About this exercise:
Using the entries below, write out the line with "Bande in bianco", the line with "家楼中楼欧简风格罗马柱线条居客厅大理石玉石电视背景cad设计图", and every line in between, exactly as each is written.

Input material:
──────────────────────────────

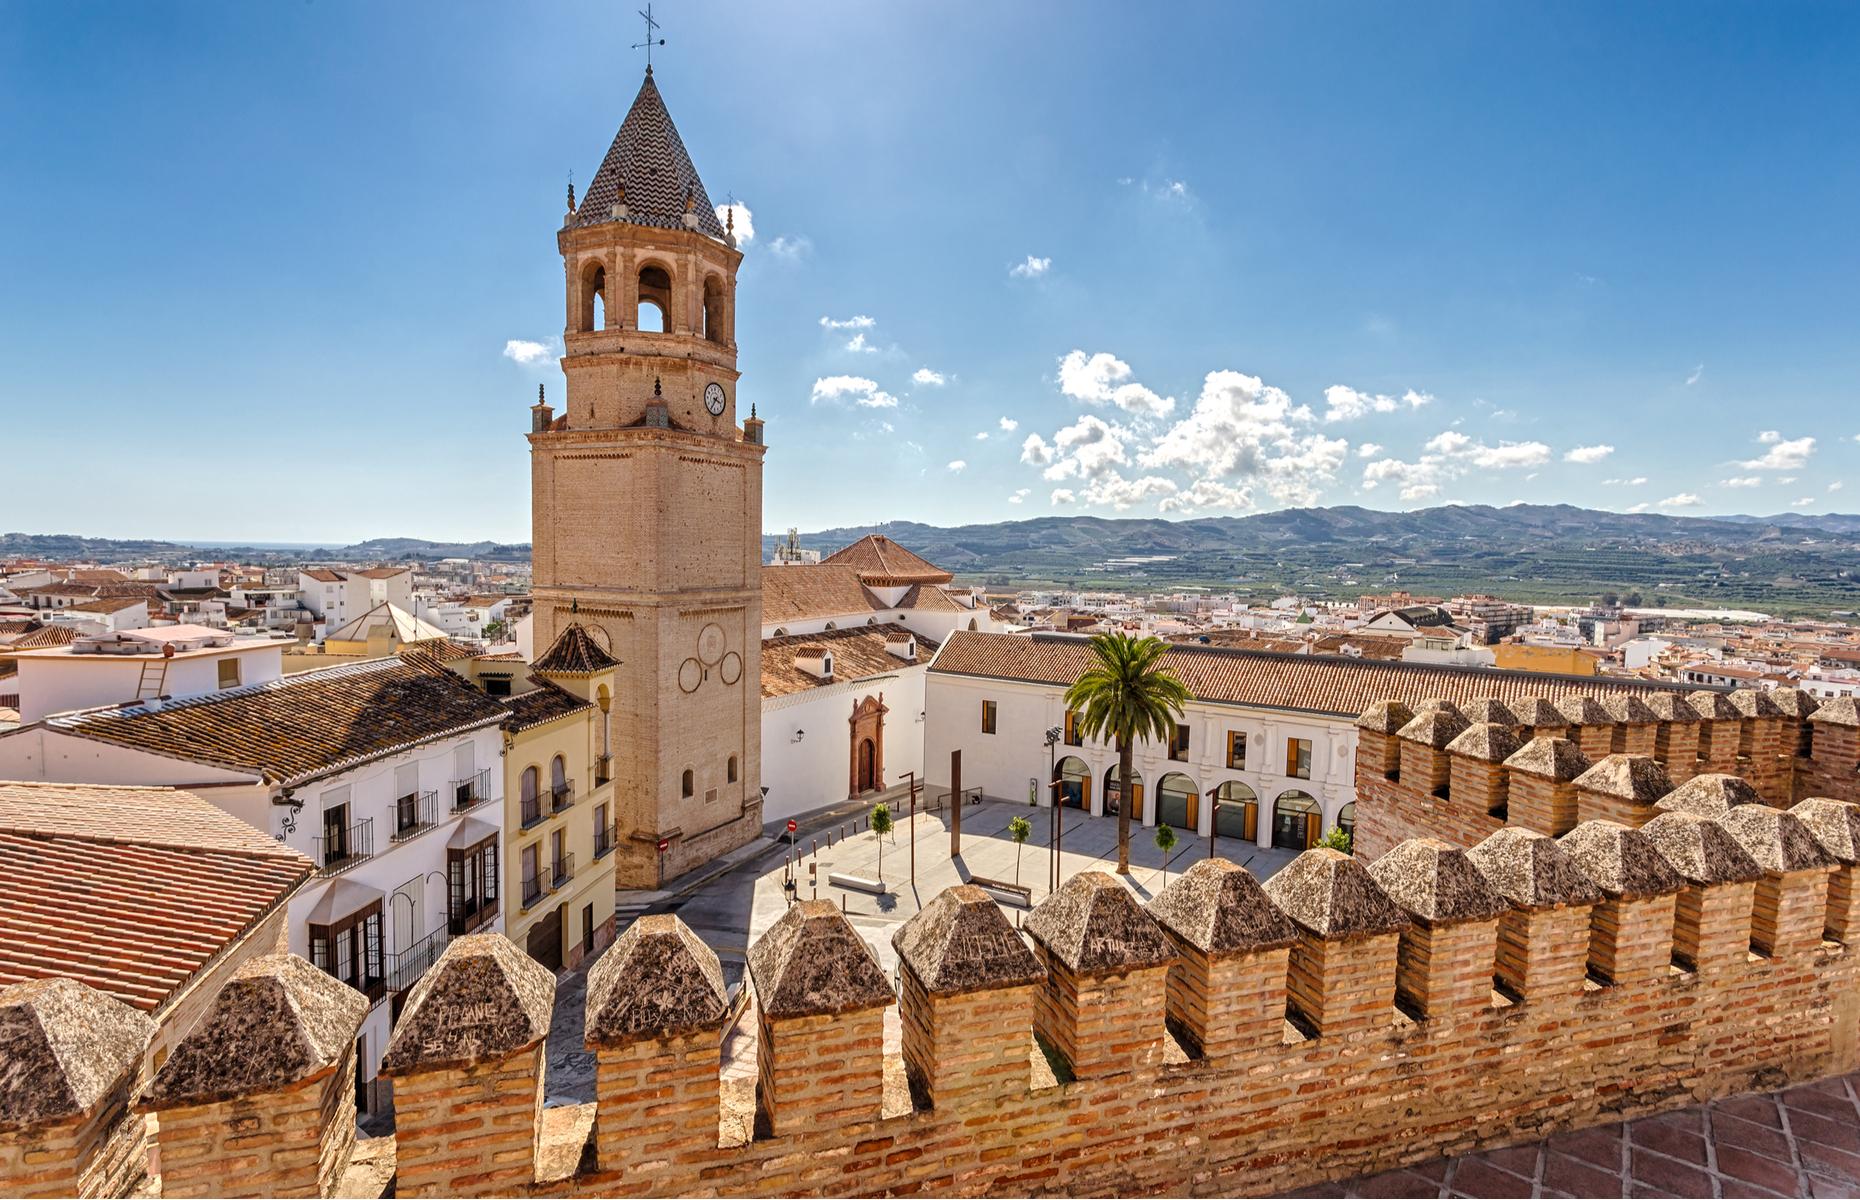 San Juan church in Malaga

──────────────────────────────

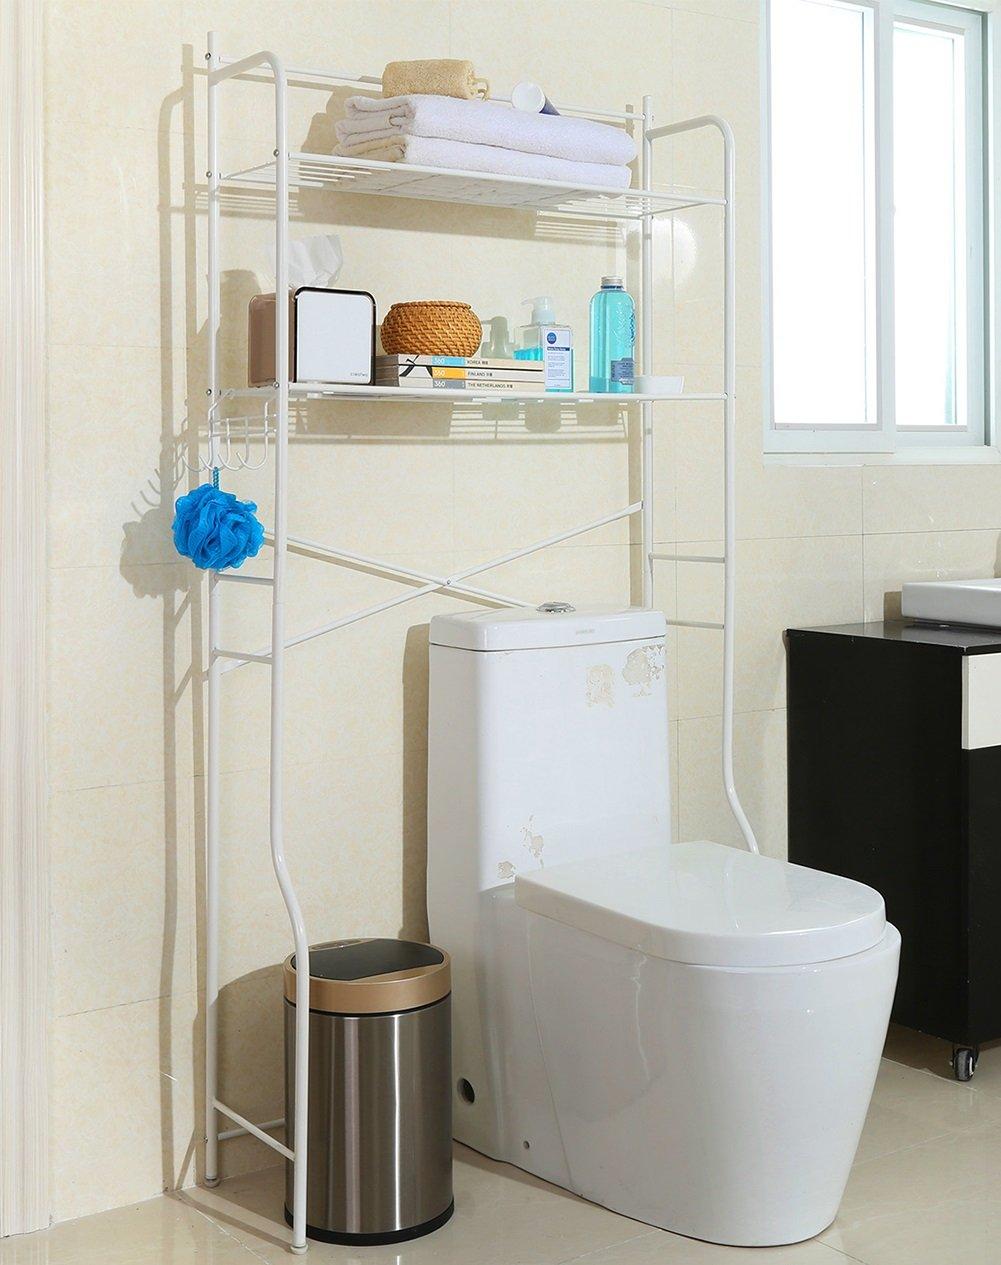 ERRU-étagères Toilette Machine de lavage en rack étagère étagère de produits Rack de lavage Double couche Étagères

──────────────────────────────

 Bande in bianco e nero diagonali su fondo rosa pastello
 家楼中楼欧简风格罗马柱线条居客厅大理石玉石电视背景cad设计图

──────────────────────────────

Output of the exercise:
 Bande in bianco e nero diagonali su fondo rosa pastello
 家楼中楼欧简风格罗马柱线条居客厅大理石玉石电视背景cad设计图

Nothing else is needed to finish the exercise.